The proximal thermogravimetric analysis (Figure 9) showed the loss of mass (blue) due to the action of temperature (red) in the presence of oxygen or oxidative decomposition of the material. In both groups, we recorded three mass changes during the combustion time, where the times associated with mass changes were 1.12 min; 19.7 min, and 25.3 min (Figure 5a) in farmed fish; whereas in wild fish, it was 1.21 min; 19.7 min and 25.3 min (Figure 5b). The graph gives us moisture values of 11.3% and 12.4%; fixed carbon of 2.01% and 2.94%; carbon-derived volatile compounds of 27.93% and 42.83% and ash (minerals) of 55.9%, 49.8% in the mandibular bone of healthy and wild fish, respectively.

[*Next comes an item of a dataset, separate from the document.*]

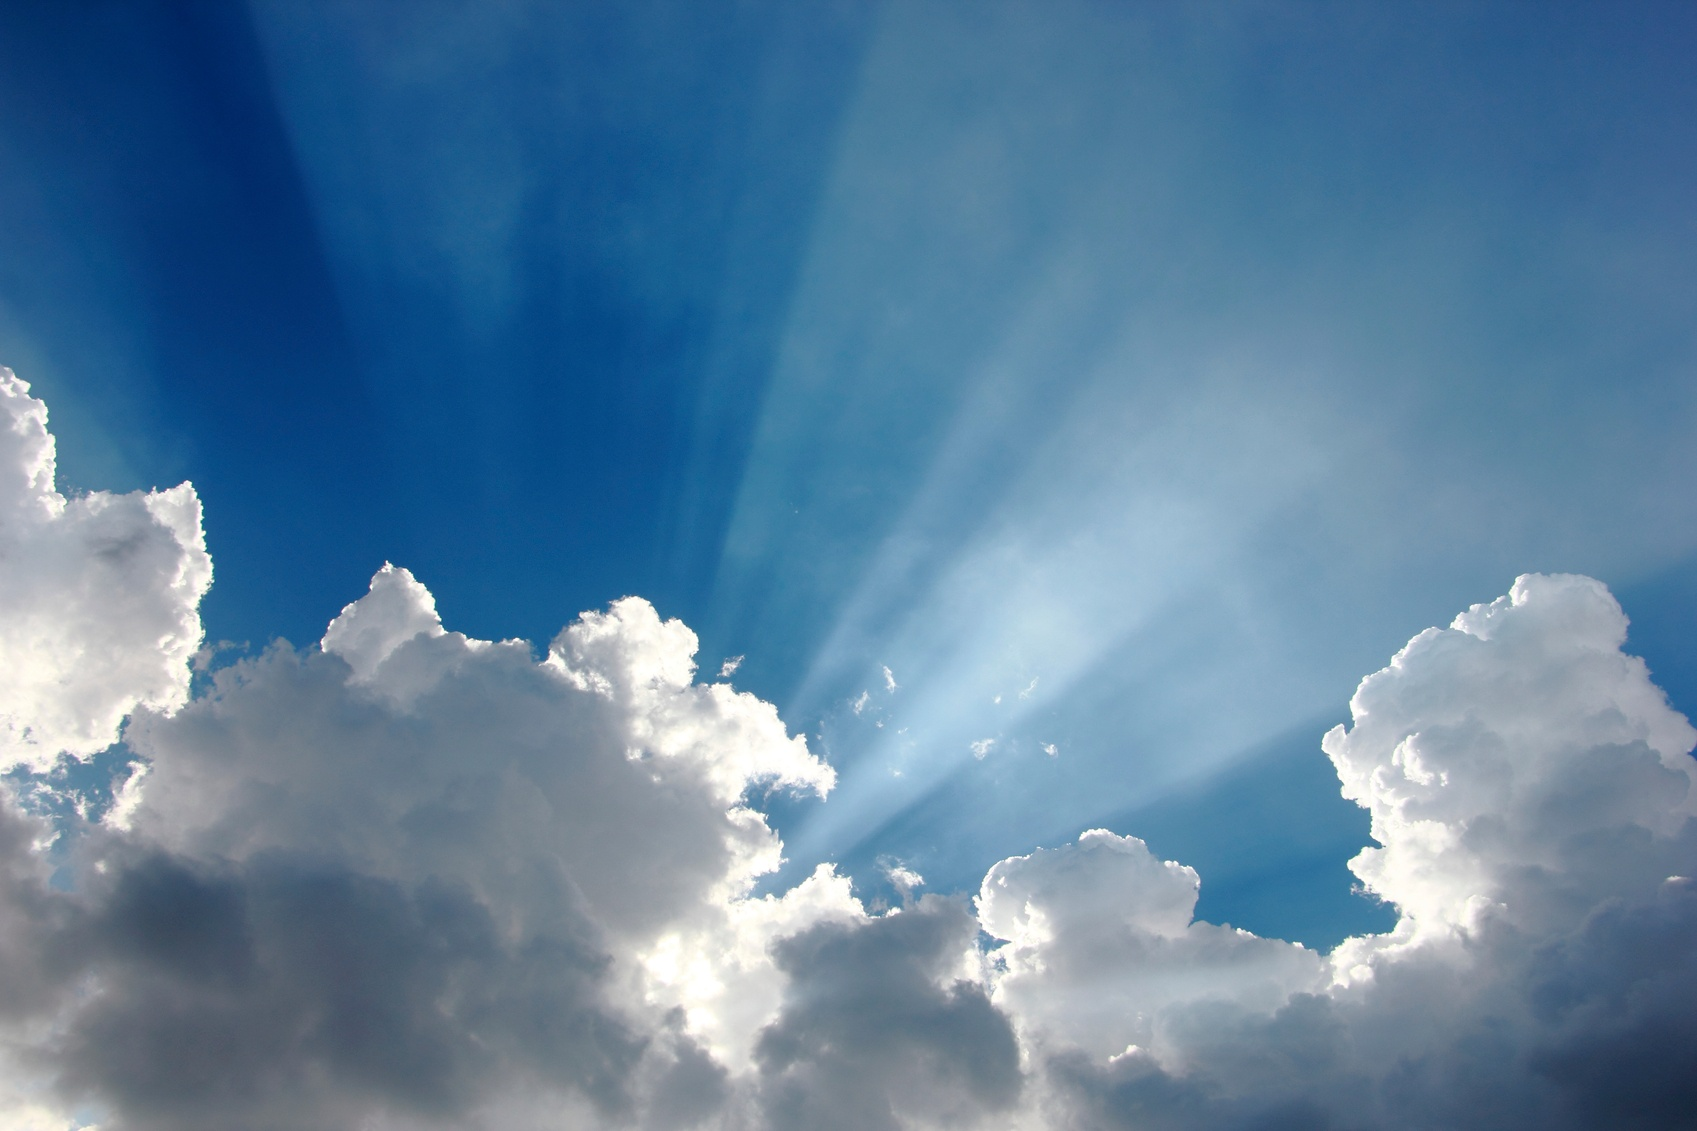 Blue-sky-with-clouds-and-sun-000080464611_Medium.jpg

The differential scanning calorimetry or DSC analysis (Figure 10) describes changes in the sample associated with increased temperature in the absence of oxygen. The graphs show two curves: the mass loss curve (red curve) and water (blue curve) from the structure. As for the total mass loss was 39.87% and 42.83% for farmed and wild fish, respectively. This mass reduction or transitions occurred at three temperatures: 39.5 °C; 334.4 °C, and 628.7 °C for farmed fish (Figure 10a) and at 40.1 °C; 481.6 °C and 681.7 °C for wild fish (Figure 10b), with the most significant temperature difference in the second transition (>110 °C between one sample and the other).

4. Discussion

Metabolic analysis in blood samples is essential to evaluate the physiological status at different stages of development. In addition, it is a minimally invasive procedure that allows assessing the effect of nutritional status and the incorporation of microelements, vitamins, or proteins in the diet, measuring toxicity, immune status, or stress related to fish culture management [41,48]. Total protein content, enzymatic biomarkers of the functional status of different systems, and other serum markers such as cholesterol, triglycerides, and glucose are key to defining the nutritional status [41,49,50]. According to the data obtained, a low nutrient intake does not necessarily produce changes at the systemic level in fish, and they can even go without food for some time. The data obtained for systemic metabolites such as total proteins and albumin are concordant with what is reported in the literature for freshwater-farmed trout specimens [41,45,51]. In contrast, enzymatic biomarkers such as phosphatase and creatin-kinase vary from what is reported [41]. In comparison to our results, alkaline phosphatase and creatine kinase activities in juvenile trout were 608–1092 U/L and 3173–9800, respectively [41]. While, for presmolt-smolt (juveniles) alkaline phosphatase and creatine kinase values were <264 U/L and <10,177 U/L, respectively [45]. As for acid phosphatase, the values reported were 5.88 U/L in farmed and 13.3 U/L in wild fish; there are no previous reports for this protein in rainbow trout.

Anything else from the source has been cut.